The roads are wonderfully quiet with winter traffic now. Some days I can walk to the post office and back, at noon, without having a single vehicle drive by. Often, when I get there, I notice the BIGS parking lot is full of pickups and I wonder if maybe there’s a back way to the store I don’t know about.

As I write this, we’re getting on with the business of getting on. The storms of this winter that did so much to change the shoreline are going to live in our memories just as the ’78 storm still does.

A lot has been said about the property damage along the coast and, of course, in Harpswell. Immediately after the January storms, there was much concern about how some of the visual icons fared. Well-known wharves and popular shoreline businesses got drive-bys before the winds died so folks could scoop their “friends” with photos and videos taken with their phones and posted on social media.

For us old folks who prefer to remain near the coffee pot rather than to venture out in the storm, the posts were a welcome incentive to stay put. It seemed that the scene of the accident was everywhere one looked along the shore. Fortunately for all, the predicted winds failed to show up with the tide and storm surge.

By the looks of the bucket trucks, equipment haulers, and construction company box trucks in the neighborhoods, you’d think there are dozens of building projects underway right now. It seems to me that there are more crews occupied with repairs on shoreline residences than with docks, wharves, fish houses, etc.

One company I spoke with said that shoreline and shoreline structure repairs require local and/or state permits. I asked if obtaining the required permit to replace or repair what was lost because of these storms was a lengthy wait. I was told that the state responses to permit applications are reasonable, with some requiring no response at all after a 10-day wait. Confidentially, he said that recently the local permit application review process has gotten bogged down.

Some, and perhaps many, property owners are waiting to see what funding might be available from insurance or disaster relief before they begin to clean up or repair their properties. If they go ahead now, it may appear to an insurance company or government agency that there is no damage to fix, so no funding is needed.

You, dear reader, know me well enough by now to expect me to inject a bit of humor, sarcasm, cynicism or BS into my writing. Not on this subject, however. To the recent public attention to preserving the working waterfront, these storms have dealt a mighty blow, one from which recovery will be difficult. If the wharves, docks and fish houses are not rebuilt, as sure as I am writing this we will lose more waterfront to development and more native community members to wealthy transplants with different agendas.

I will continue to support the local marine industry that has been the backbone and identity of Harpswell alongside the vacation rental businesses. Many of our family and friends have had to seek housing in other towns as the cost of property in Harpswell has skyrocketed.
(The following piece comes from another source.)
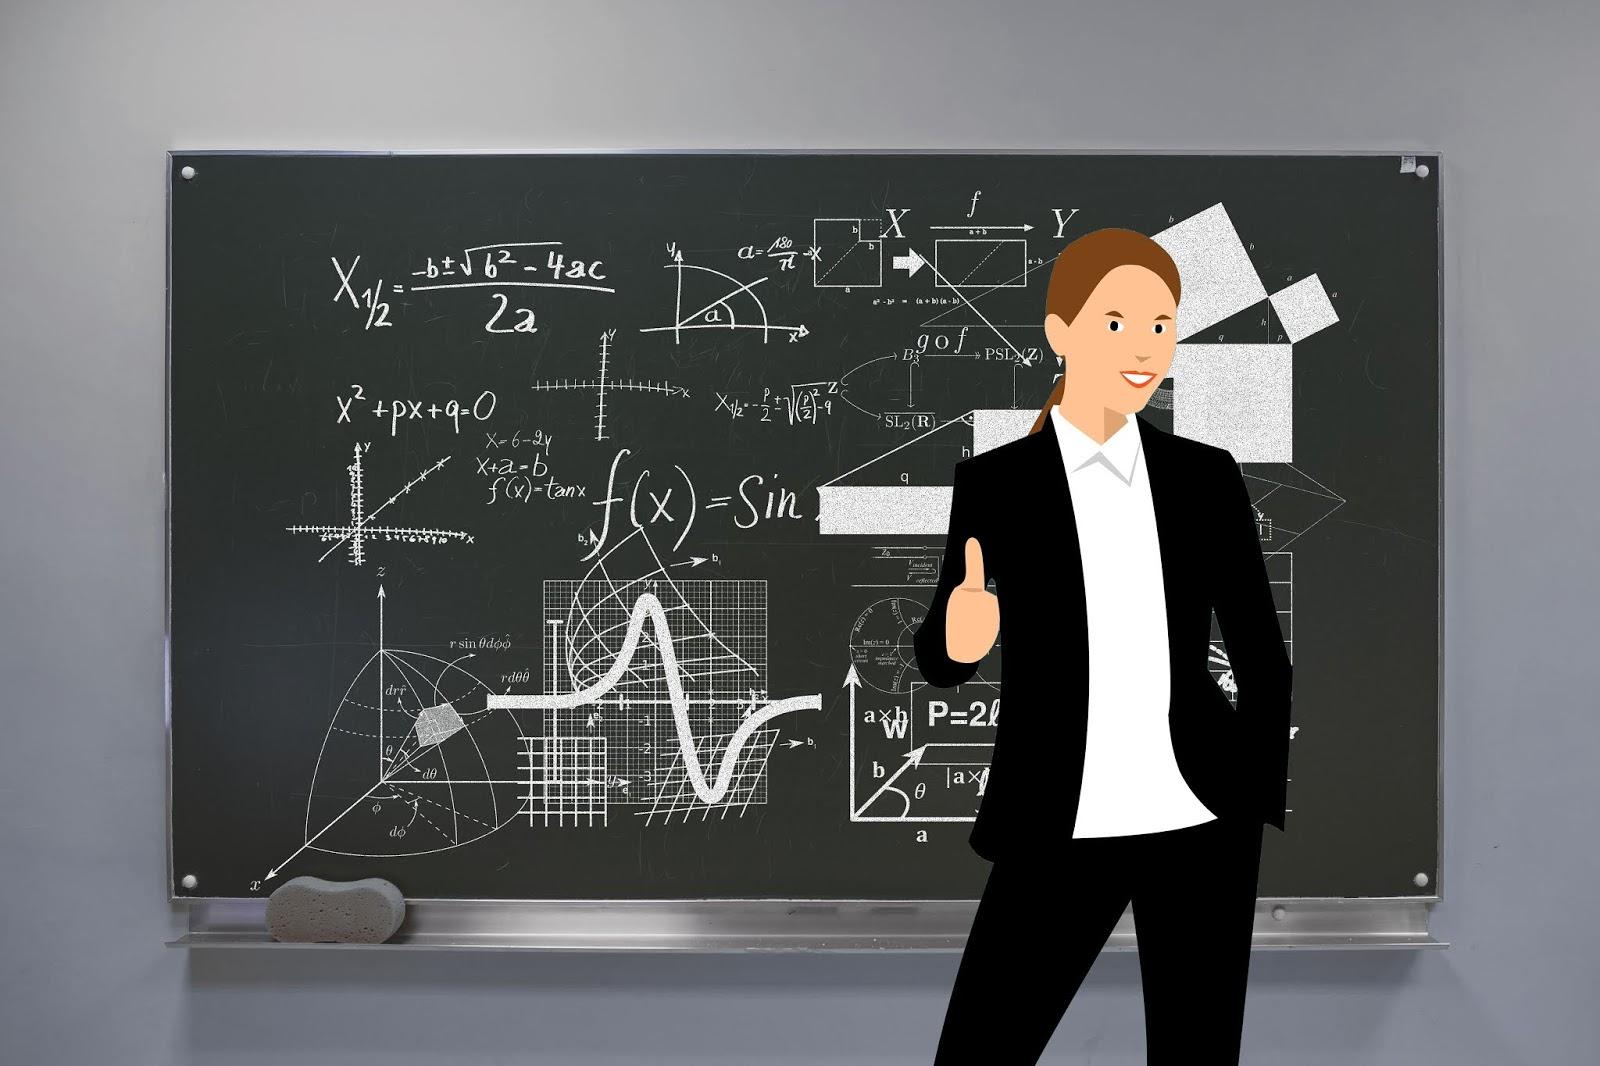 Matematika Alternatif Bisa Diadopsi

Without a healthy marine industry and the infrastructure to support it, I can envision my hometown continuing to decay into an exclusive adult community for wealthy, childless, work-at-home owners and retirees with warm-climate forwarding addresses for the winter, choked by mobs of summer vacationers when it’s warm.

“Harpswell: a non-working-waterfront gated community … without the gates.”

Sounds ugly to me.

Support our fishermen and the local marine industry, folks, and help them rebuild. Your town depends on it.

Butch Lawson is an observer of life. He lives on Bailey Island.